Locke's performance as Charlie also received industry recognition. He was nominated for the inaugural Children's and Family Emmy Award for Outstanding Lead Performer at the 1st Children's and Family Emmy Awards in 2022; on that occasion, the award went to his Heartstopper co-star Kit Connor for playing Nick Nelson. He later won the same category at the 4th Children's & Family Emmy Awards in 2026 for portraying Charlie.

===Academic commentary===
Academic commentary on Charlie has focused on queer adolescence, homophobia, mental health and vulnerability. In the Journal of Bisexuality, Melissa Ann Allen argued that Heartstopper presents queer identity through "positive, trope-defying" characterization, and wrote that Charlie's relationship with Nick resists reductive ideas about queer adolescence and sexuality. Allen further argued that the series challenges "compulsory binarization" and other limiting assumptions about queer identity while offering a positive depiction of queer adolescence.

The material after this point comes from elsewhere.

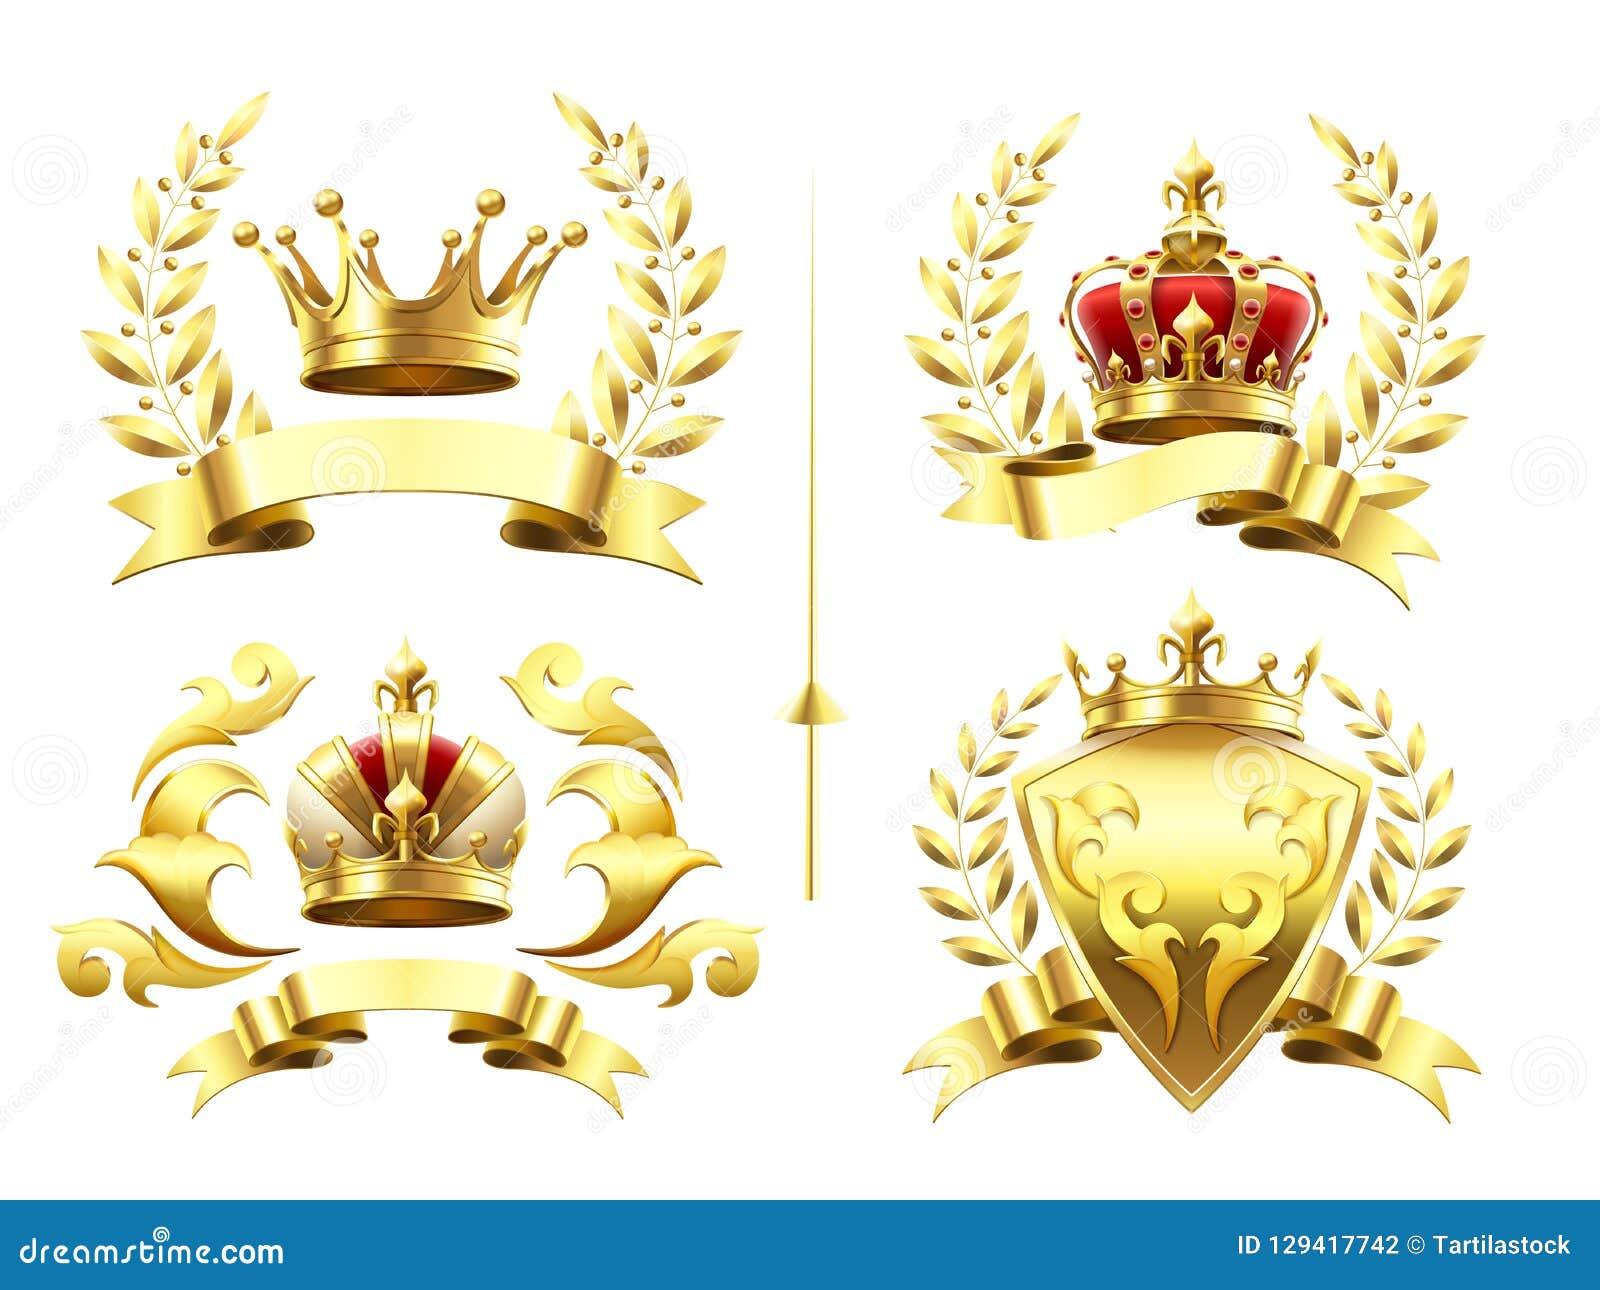 现实纹章学象征 与金黄冠、金加冠的奖牌和象征的权威与在盾3d的皇家冠

Charlie's portrayal has also been discussed in relation to homophobia, masculinity and vulnerability. In a 2023 article on Heartstoppers first volume, Flavianny Monteiro Carvalho and Carlos Eduardo de Araujo Placido argued that "most of the multiple facets of homophobia were identified in Charlie's characterization", with the character serving as the principal site through which the graphic novel depicts cognitive, general, irrational and specific forms of homophobia. In Critical Studies in Television, Frederik Dhaenens and Ben De Smet argued that Heartstopper participates in the construction of a "cute gay boy archetype" and presents cuteness as a form of vulnerability.

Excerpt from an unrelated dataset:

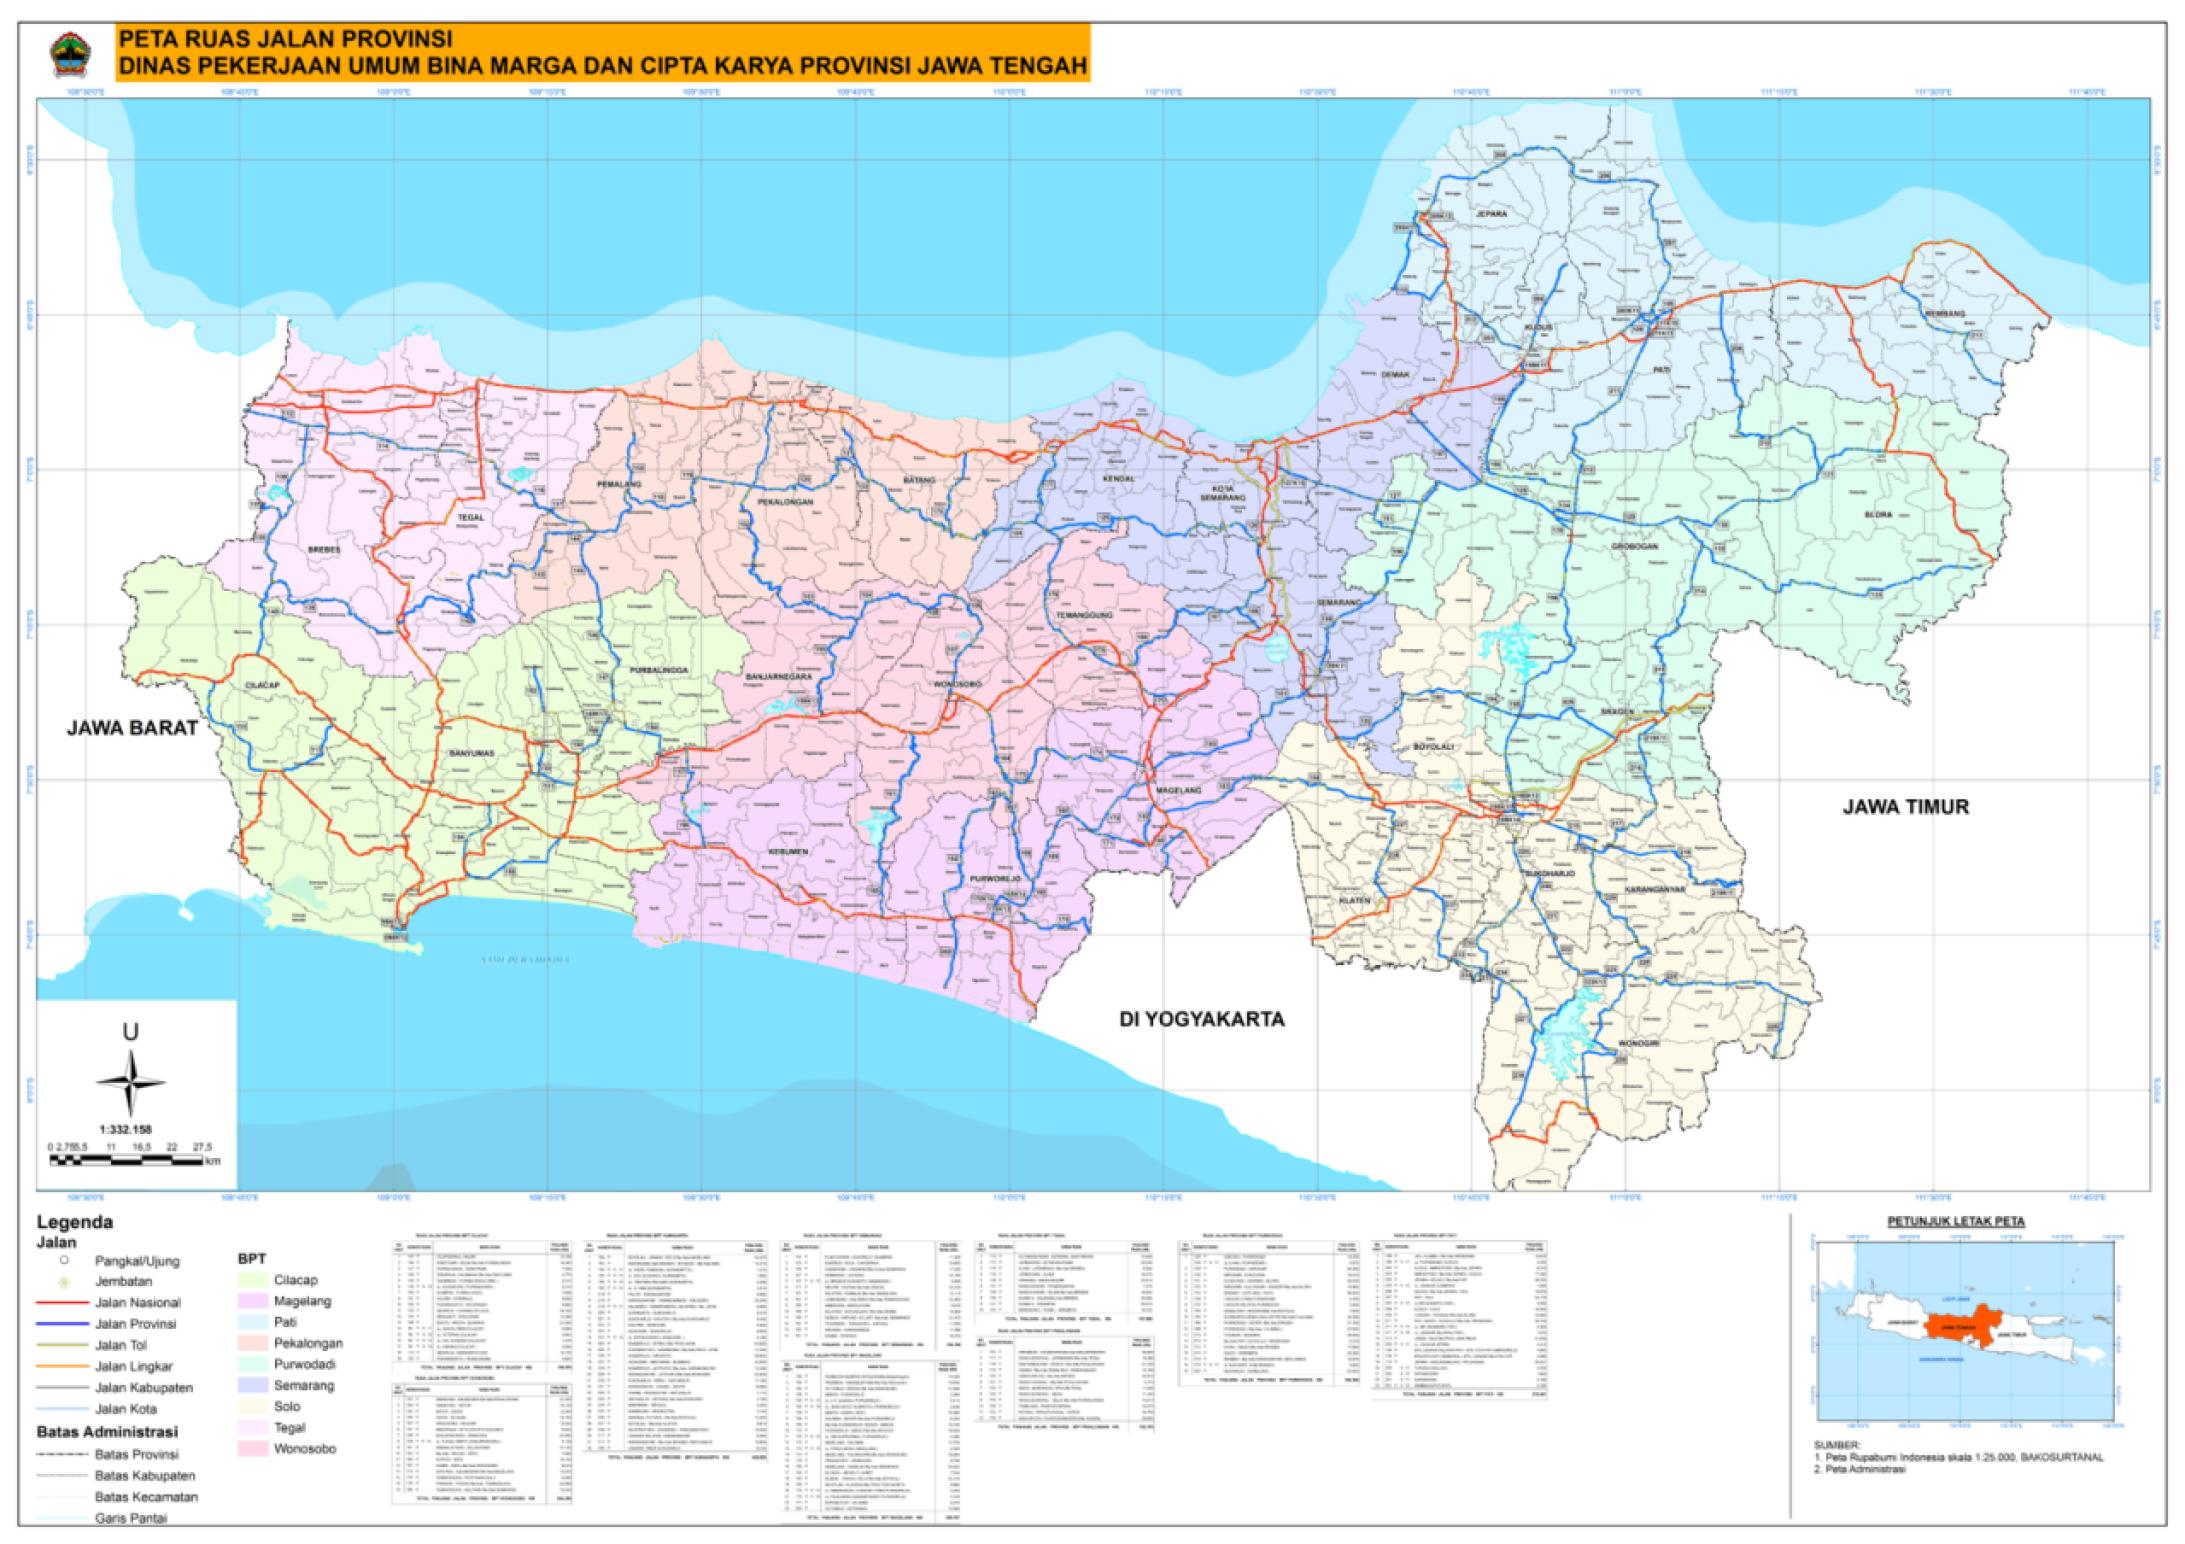 Informasi Jalan Provinsi Dinas Pu Bina Marga Dan Cipta Karya Provinsi Jawa Tengah

Charlie's television portrayal has also attracted discussion of heteronormativity and mental health. In a 2024 master's thesis on Netflix's Heartstopper, Tracyann Josephine Harmer wrote that the series can be read through "heteronormativity as it relates to masculinity, internalized homophobia, homophobia, and mental health", placing Charlie's experiences at the centre of that analysis.